【翻译】200行代码讲透RUST FUTURES (7)

2020-08-05 14:41:04 浏览数 (1)

七 实现Futures--主要例子

我们将用一个伪reactor和一个简单的执行器创建我们自己的Futures,它允许你在浏览器中编辑和运行代码

我将向您介绍这个示例,但是如果您想更深入的研究它,您可以克隆存储库并自己处理代码,或者直接从下一章复制代码。

readme文件中解释了几个分支,其中有两个分支与本章相关。主分支是我们在这里经过的例子,basic_example_commented分支是这个具有大量注释的例子

如果您希望跟随我们的步骤,可以通过创建一个新的文件夹初始化一个新的 cargo 项目,并在其中运行 cargo init。所有的一切都在main.rs文件中.

实现我们自己的Futures

让我们先从引入依赖开始:

代码语言:javascript复制
use std::{
    future::Future, pin::Pin, sync::{mpsc::{channel, Sender}, Arc, Mutex},
    task::{Context, Poll, RawWaker, RawWakerVTable, Waker},
    thread::{self, JoinHandle}, time::{Duration, Instant}
};

执行器

执行器的责任是获取一个或多个Future然后运行他们到完成。

执行器拿到Future后的第一件事就是轮询它.

轮询后可以发现以下三种情况:

  1. Future返回Ready,然后就可以调度其他任何后续操作.
  2. 这个Future从未被轮询过,所以传入一个Waker,然后将它挂起
  3. 这个Future已经被轮询过,但是返回Pending

Rust通过Waker为Reactor和执行器提供了通信方式. reactor存储这个Waker,然后在Future等待的事件完成的时候调用Waker: : wake (),这样Future就会被再次轮询.

我们的执行器会是这个样子:

代码语言:javascript复制
// Our executor takes any object which implements the `Future` trait
fn block_on<F: Future>(mut future: F) -> F::Output {

    // the first thing we do is to construct a `Waker` which we'll pass on to
    // the `reactor` so it can wake us up when an event is ready.
    let mywaker = Arc::new(MyWaker{ thread: thread::current() }); 
    let waker = waker_into_waker(Arc::into_raw(mywaker));

    // The context struct is just a wrapper for a `Waker` object. Maybe in the
    // future this will do more, but right now it's just a wrapper.
    let mut cx = Context::from_waker(&waker);

    // So, since we run this on one thread and run one future to completion
    // we can pin the `Future` to the stack. This is unsafe, but saves an
    // allocation. We could `Box::pin` it too if we wanted. This is however
    // safe since we shadow `future` so it can't be accessed again and will
    // not move until it's dropped.
    let mut future = unsafe { Pin::new_unchecked(&mut future) };

    // We poll in a loop, but it's not a busy loop. It will only run when
    // an event occurs, or a thread has a "spurious wakeup" (an unexpected wakeup
    // that can happen for no good reason).
    let val = loop {
        
        match Future::poll(pinned, &mut cx) {

            // when the Future is ready we're finished
            Poll::Ready(val) => break val,

            // If we get a `pending` future we just go to sleep...
            Poll::Pending => thread::park(),
        };
    };
    val
}

在本章的所有例子中,我都选择了对代码进行广泛的注释。 我发现沿着这条路走会更容易一些,所以我不会在这里重复自己的话,只关注一些可能需要进一步解释的重要方面。

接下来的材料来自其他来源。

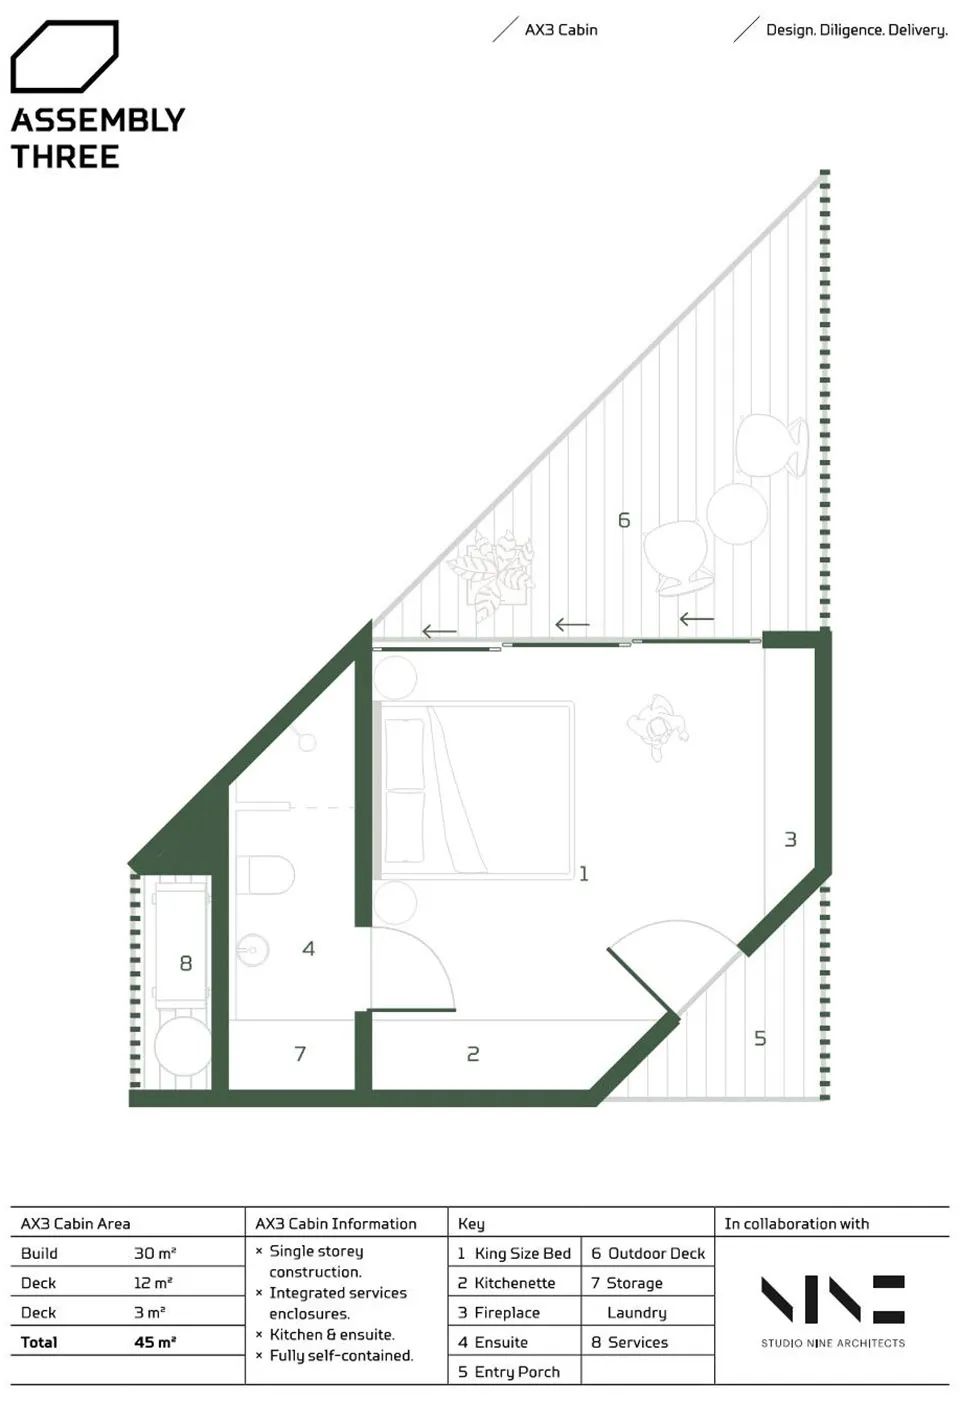 度假木屋平面圖 模組化的永續木構造建築，澳洲組合式木屋Assembly Three／Studio Nine Architects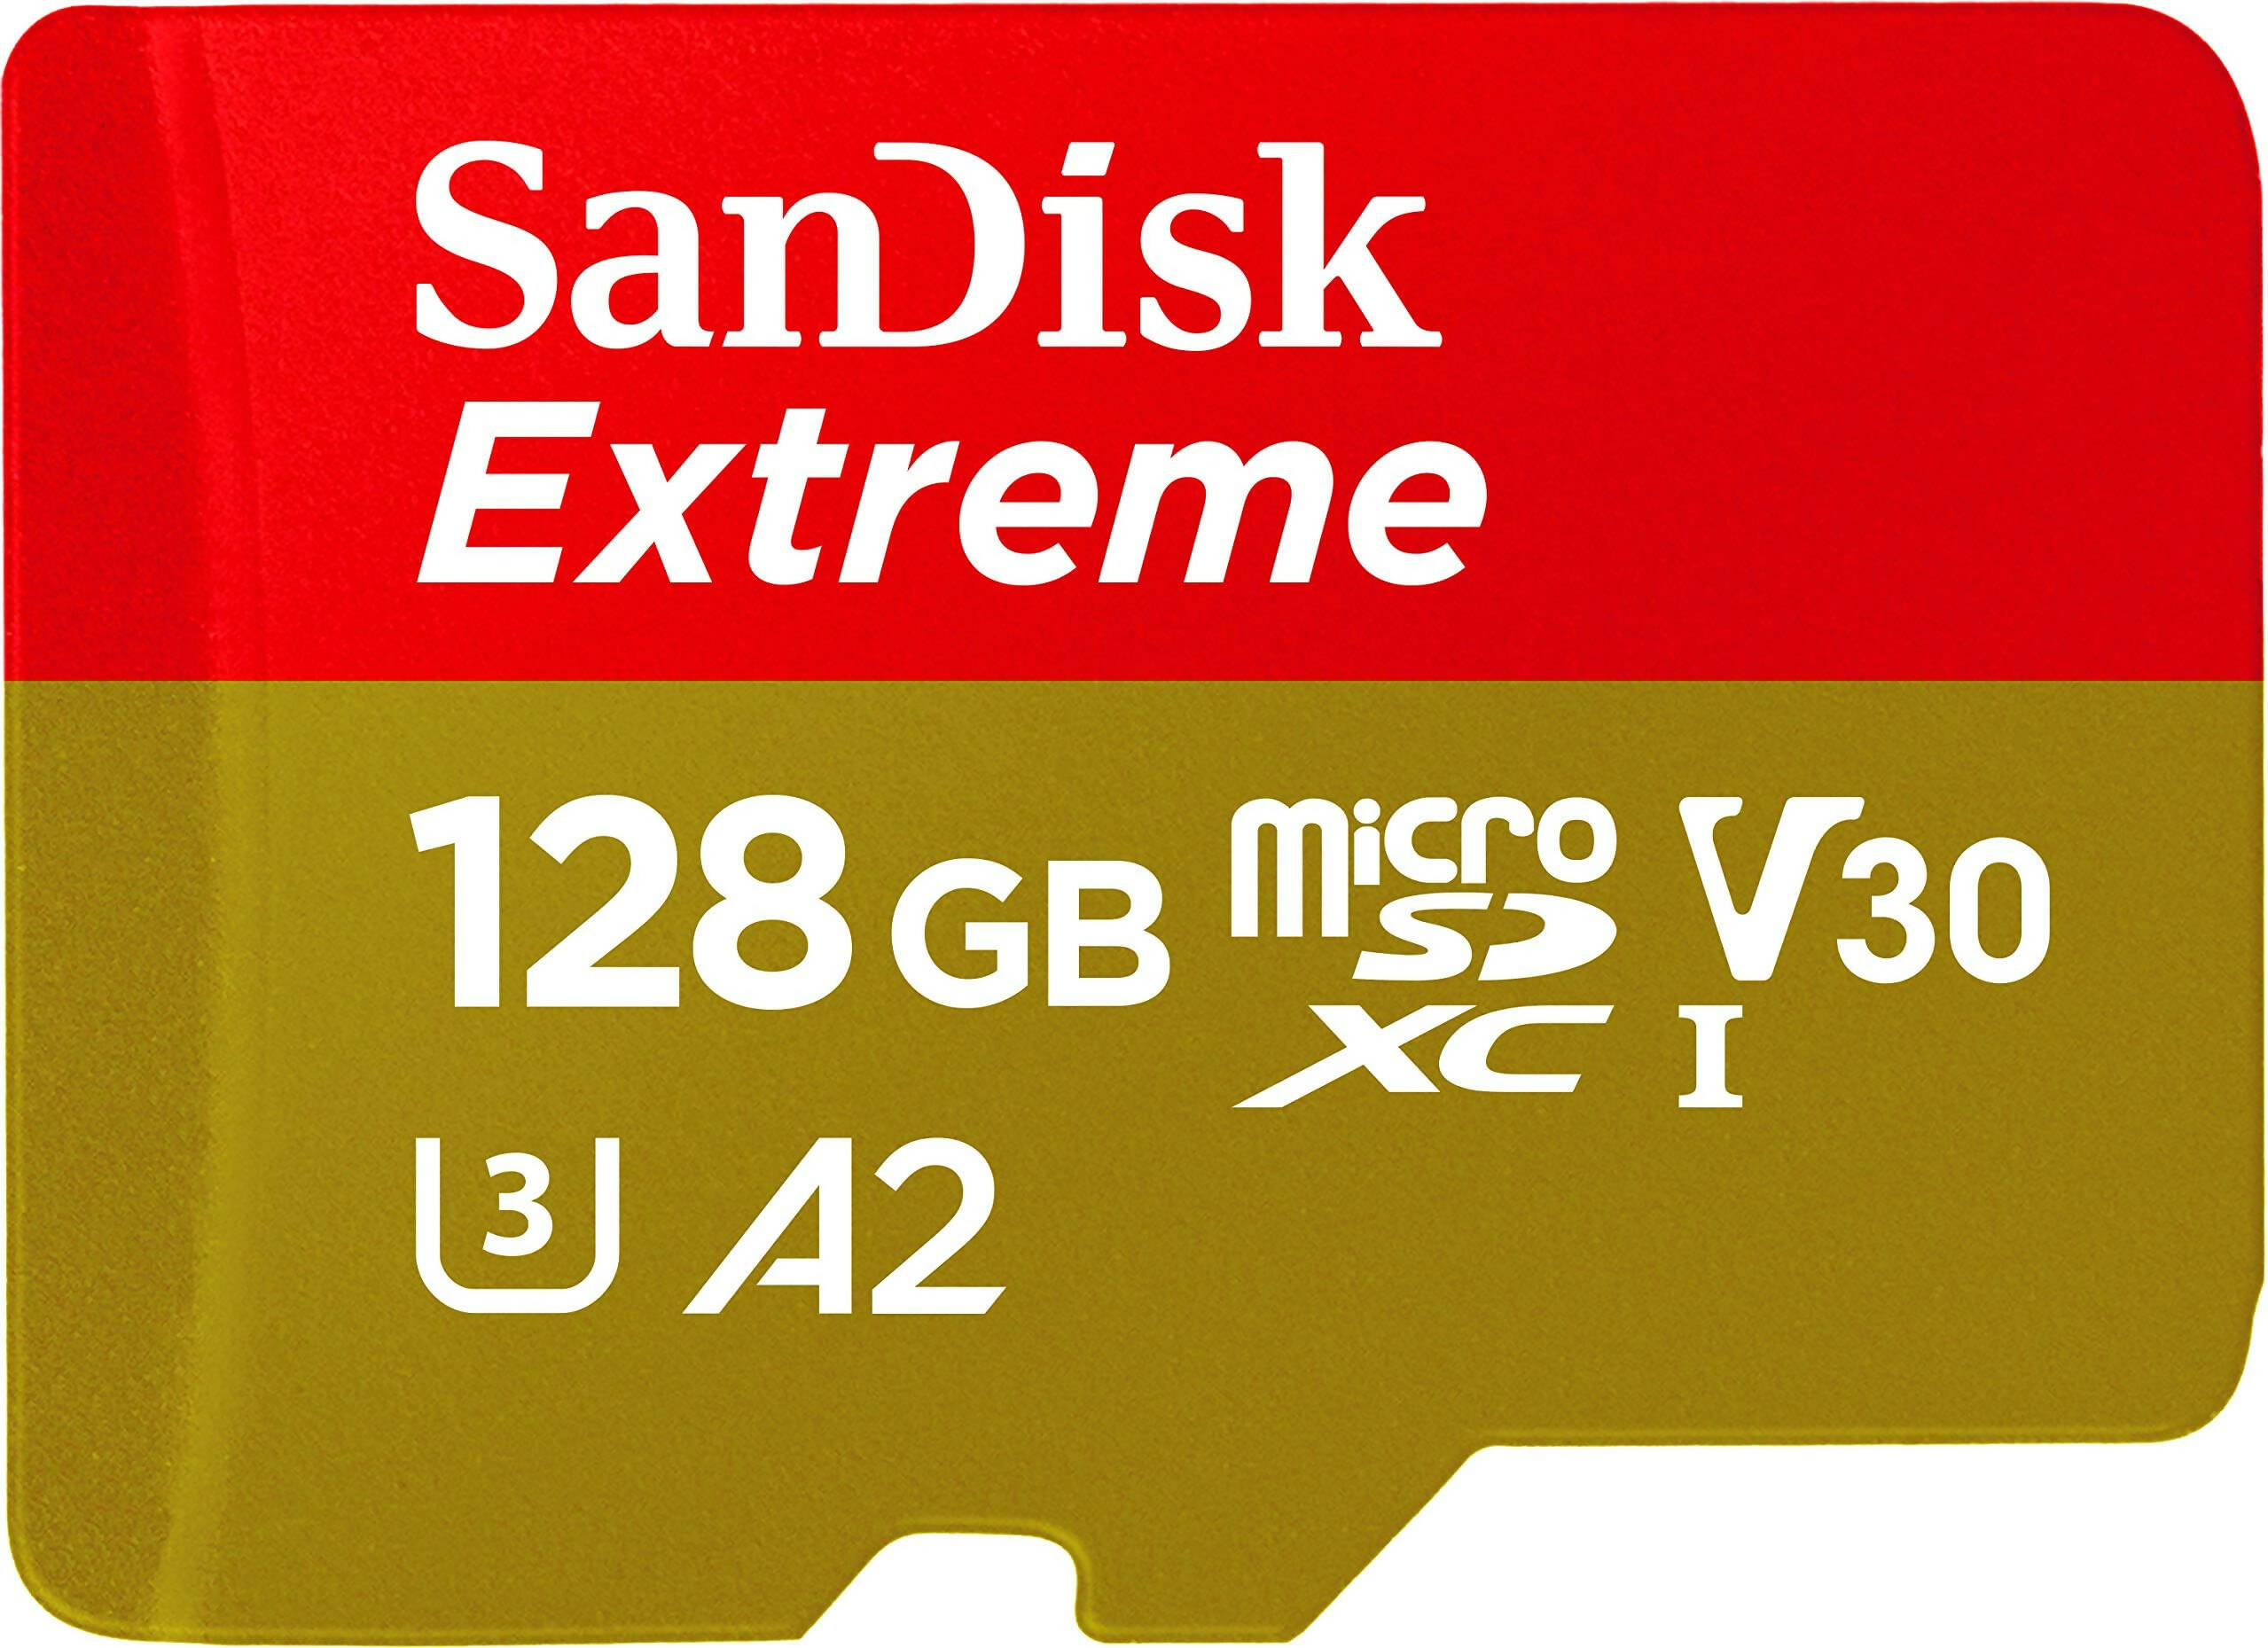 SanDisk Extreme microSDXC UHS-I Card - 128GB

现在你已经阅读了这么多关于生成器和 Pin 的内容,这应该很容易理解。 Future是一个状态机,每一个await点也是一个yield点。我们可以跨越await借用,我们遇到的问题与跨yield借用时完全一样。

Context只是 Waker 的包装器, 至少在我写这本书的时候,它仅仅是这样。在未来,Context对象可能不仅仅是包装一个Waker(译者注,原文是Future,应该有误),因此这种额外的抽象可以提供一些灵活性。

正如在关于生成器的章节中解释的那样,我们使用Pin来保证允许Future有自引用。

实现Future

Future有一个定义良好的接口,这意味着他们可以用于整个生态系统。

我们可以将这些Future连接起来,这样一旦leaf-future准备好了,我们就可以执行一系列操作,直到任务完成或者我们到达另一个leaf-future,我们将等待并将控制权交给调度程序。

我们Future的实现是这样的:

代码语言:javascript复制
// This is the definition of our `Waker`. We use a regular thread-handle here.
// It works but it's not a good solution. It's easy to fix though, I'll explain
// after this code snippet.
#[derive(Clone)]
struct MyWaker {
    thread: thread::Thread,
}

// This is the definition of our `Future`. It keeps all the information we
// need. This one holds a reference to our `reactor`, that's just to make
// this example as easy as possible. It doesn't need to hold a reference to
// the whole reactor, but it needs to be able to register itself with the
// reactor.
#[derive(Clone)]
pub struct Task {
    id: usize,
    reactor: Arc<Mutex<Box<Reactor>>>,
    data: u64,
}

// These are function definitions we'll use for our waker. Remember the
// "Trait Objects" chapter earlier.
fn mywaker_wake(s: &MyWaker) {
    let waker_ptr: *const MyWaker = s;
    let waker_arc = unsafe {Arc::from_raw(waker_ptr)};
    waker_arc.thread.unpark();
}

// Since we use an `Arc` cloning is just increasing the refcount on the smart
// pointer.
fn mywaker_clone(s: &MyWaker) -> RawWaker {
    let arc = unsafe { Arc::from_raw(s) };
    std::mem::forget(arc.clone()); // increase ref count
    RawWaker::new(Arc::into_raw(arc) as *const (), &VTABLE)
}

// This is actually a "helper funtcion" to create a `Waker` vtable. In contrast
// to when we created a `Trait Object` from scratch we don't need to concern
// ourselves with the actual layout of the `vtable` and only provide a fixed
// set of functions
const VTABLE: RawWakerVTable = unsafe {
    RawWakerVTable::new(
        |s| mywaker_clone(&*(s as *const MyWaker)),     // clone
        |s| mywaker_wake(&*(s as *const MyWaker)),      // wake
        |s| mywaker_wake(*(s as *const &MyWaker)),      // wake by ref
        |s| drop(Arc::from_raw(s as *const MyWaker)),   // decrease refcount
    )
};

// Instead of implementing this on the `MyWaker` object in `impl Mywaker...` we
// just use this pattern instead since it saves us some lines of code.
fn waker_into_waker(s: *const MyWaker) -> Waker {
    let raw_waker = RawWaker::new(s as *const (), &VTABLE);
    unsafe { Waker::from_raw(raw_waker) }
}

impl Task {
    fn new(reactor: Arc<Mutex<Box<Reactor>>>, data: u64, id: usize) -> Self {
        Task { id, reactor, data }
    }
}

// This is our `Future` implementation
impl Future for Task {
    type Output = usize;

    // Poll is the what drives the state machine forward and it's the only
    // method we'll need to call to drive futures to completion.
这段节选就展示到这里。